I did some more digging. Seems it's part of a series from a book called 'Medicea Hospes'

Plate 12- Allegory on the Discord in France, from Caspar Barlaeus, "Medicea Hospes" 1638
Hercules forges the split French empire into a unity; Festivities in the visit by Maria de 'Medici to Amsterdam in 1638. Tableau Vivant. Hendrik IV, dressed as Hercules, together with Mars and Minerva the globe of the split French empire again. Left The fertility goddess' watch. Right handles power of peace. Presentation used in the water theater on the Rokin. Legal under numbered: 12. Plate 12 of the illustrations in the description of the festivities around Maria de 'Medici to Amsterdam's visit from 31 August to 5 September 1638.
Artist: Pieter Nolpe (Dutch, 1613/1614–1652/1653)
Artist: After Claes Moeyaert (Dutch, Amsterdam 1591–1655 Amsterdam)
Author: Caspar Barlaeus (Dutch)

 ​I thought it might give a clue to 17th century thinking on the Greeks / Romans / Gauls etc. Apologies if it's not relevant.


----------



## Silveryou (Dec 21, 2021)

Will Scarlet said:


> Hercules forges the split French empire into a unity; Festivities in the visit by Maria de 'Medici to Amsterdam in 1638. Tableau Vivant. Hendrik IV, dressed as Hercules, together with Mars and Minerva the globe of the split French empire again. Left The fertility goddess' watch. Right handles power of peace.


It seems an auto-translation right? I would say that Hercules (who goes by the name of Gomer according to some) is the druid holding the globe, as in the myth in which he substitutes Atlas as the pillar (one of the four pillars in reality). Contrary to the description it seems he is the one splitting the globe in two and then some tragedy happens with the gods' intervention from above.
It can be a representation of the change in power in France bringing to the throne the first Bourbon after the Valois rule. The author I previously cited says that 'Valois' means 'Gaulish', for the same Digamma thing explained in one of the previous posts (and obviously this is the case for Wales too). So it makes sense that Henry IV the Bourbon destroys Gaul. But I think he poses as new Hercules based on the already accepted narrative of a Graeco-Roman civilization conquering the barbarians, or something like that, with divine approval.


----------



## Fawkes (Dec 21, 2021)

Silveryou said:


> But I think he poses as new Hercules based on the already accepted narrative of a Graeco-Roman civilization conquering the barbarians, or something like that, with divine approval.


Henry IV, as Hercules, vanquishing the Lernaean Hydra (i.e. the Catholic League), by Toussaint Dubreuil, c. 1600




"The old roads will all be improved,
One will proceed on them to the modern Memphis:
The great Mercury of Hercules fleur-de-lis
Causing to tremble lands, sea and country.
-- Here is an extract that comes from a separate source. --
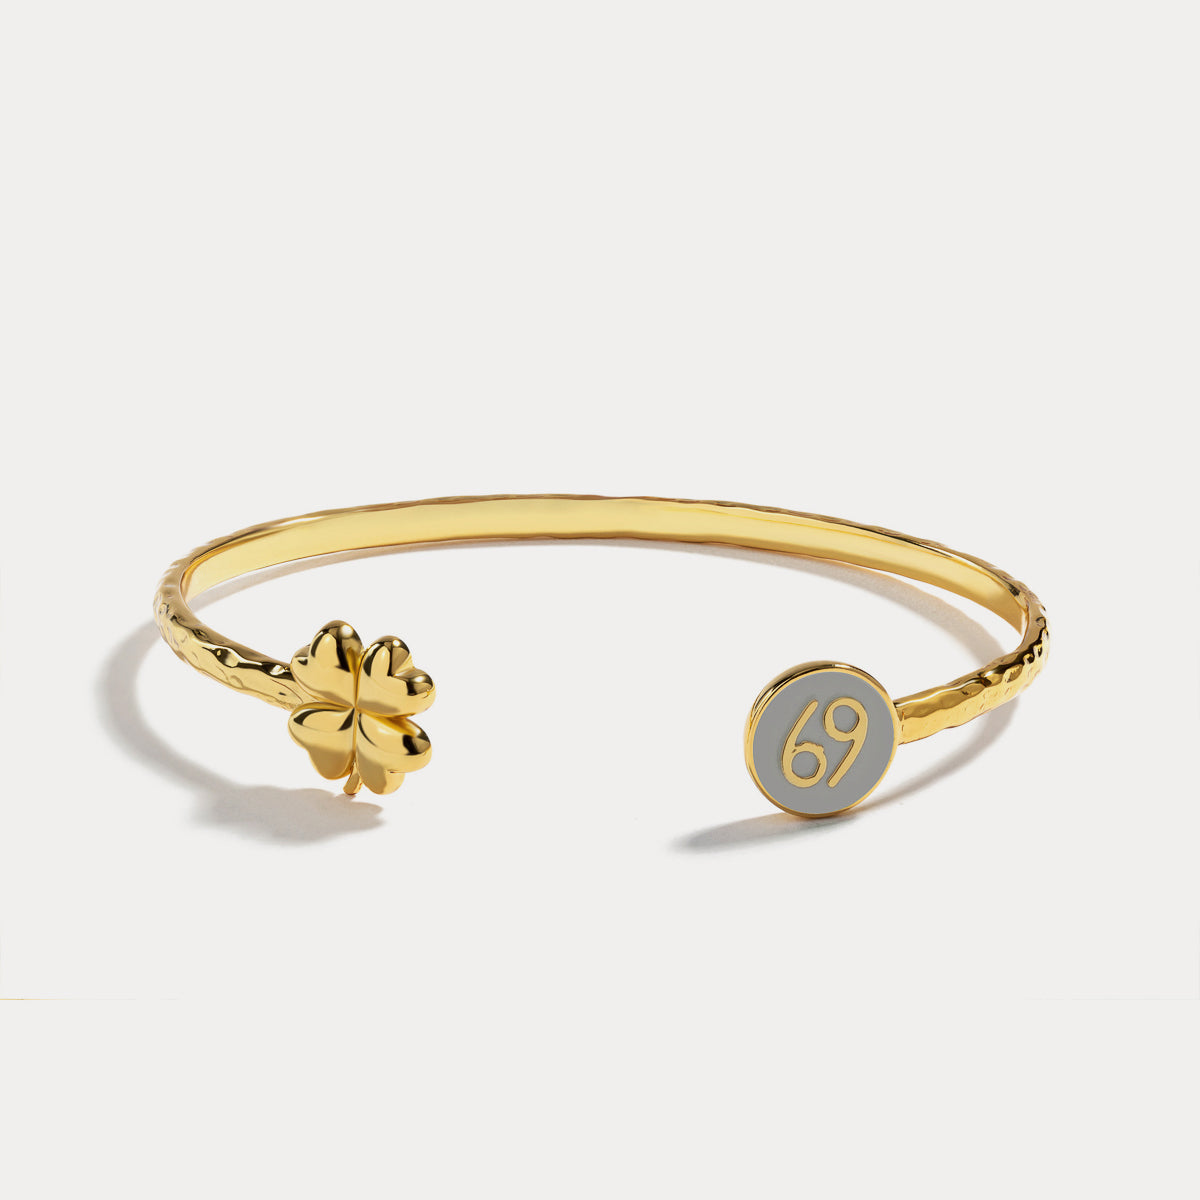 Cancer astrological sign bracelet

Henry IV was known as the *Gallic Hercules* and endures to this day as one of France's most popular rulers.

In essence it was Henri that modernised the run-down city of Paris and its supply routes thereby removing the impediments to trade and prosperity. Paris was not on the great Roman routes and the old roads that had been the backbone of transport for over 1500 years had to be rebuilt in order that Paris could become the modern hub of the 17th century. In so doing it replicated the achievements of the ancient trading hub of Memphis as implied in Nostradamus' verse."

Nostradamus on Henry IV of France

Both the French Royal House and the Habsburgs claimed Merovingian descent, which leads back in the male line to Hercules of Libya, the son of Osiris (Egyptian connection with Memphis) and King of Spain, Gaul, and Italy. Both the French Bourbon dynasty founder Henry IV and his second wife Marie de' Medici (granddaughter of Habsburg Holy Roman Emperor Ferdinand I), the mother of his children, thus had Hercules as an ancient ancestor.


----------



## Silveryou (Dec 21, 2021)

Fawkes said:


> In essence it was Henri that modernised the run-down city of Paris and its supply routes thereby removing the impediments to trade and prosperity. Paris was not on the great Roman routes and the old roads that had been the backbone of transport for over 1500 years had to be rebuilt in order that Paris could become the modern hub of the 17th century.


Or more probably it's just a cover-up for the destruction gently provided in the aftermath of the Saint Bartholomew massacre!

But I think it's better to return on the subject of the thread.


----------



## Fawkes (Dec 21, 2021)

Sasyexa said:


> Scythian-Gothic-Aryan connection


From the Wikipedia article on the Ukraine:

_During the Iron Age, the land was inhabited by Cimmerians, Scythians, and Sarmations. Between 700 BC and 200 BC it was part of the Scythian Kingdom, or Scythia._​​_Beginning in the sixth century BC, colonies of Ancient Greece, Ancient Rome, and the Byzantine Empire, such as Tyras, Olbia, and Chersonesus, were founded on the northeastern shore of the Black Sea. These colonies thrived well into the sixth century AD. The Goths stayed in the area, but came under the sway of the Huns from the 370s AD._​


Silveryou said:


> But I think it's better to return on the subject of the thread.


I was actually proposing a connection between ancient Memphis and Paris (much farther "north" than Memphis). Perhaps I chose the wrong thread, Sorry.


----------



## Silveryou (Dec 21, 2021)

Fawkes said:


> I was actually proposing a connection between ancient Memphis and Paris (much farther "north" than Memphis).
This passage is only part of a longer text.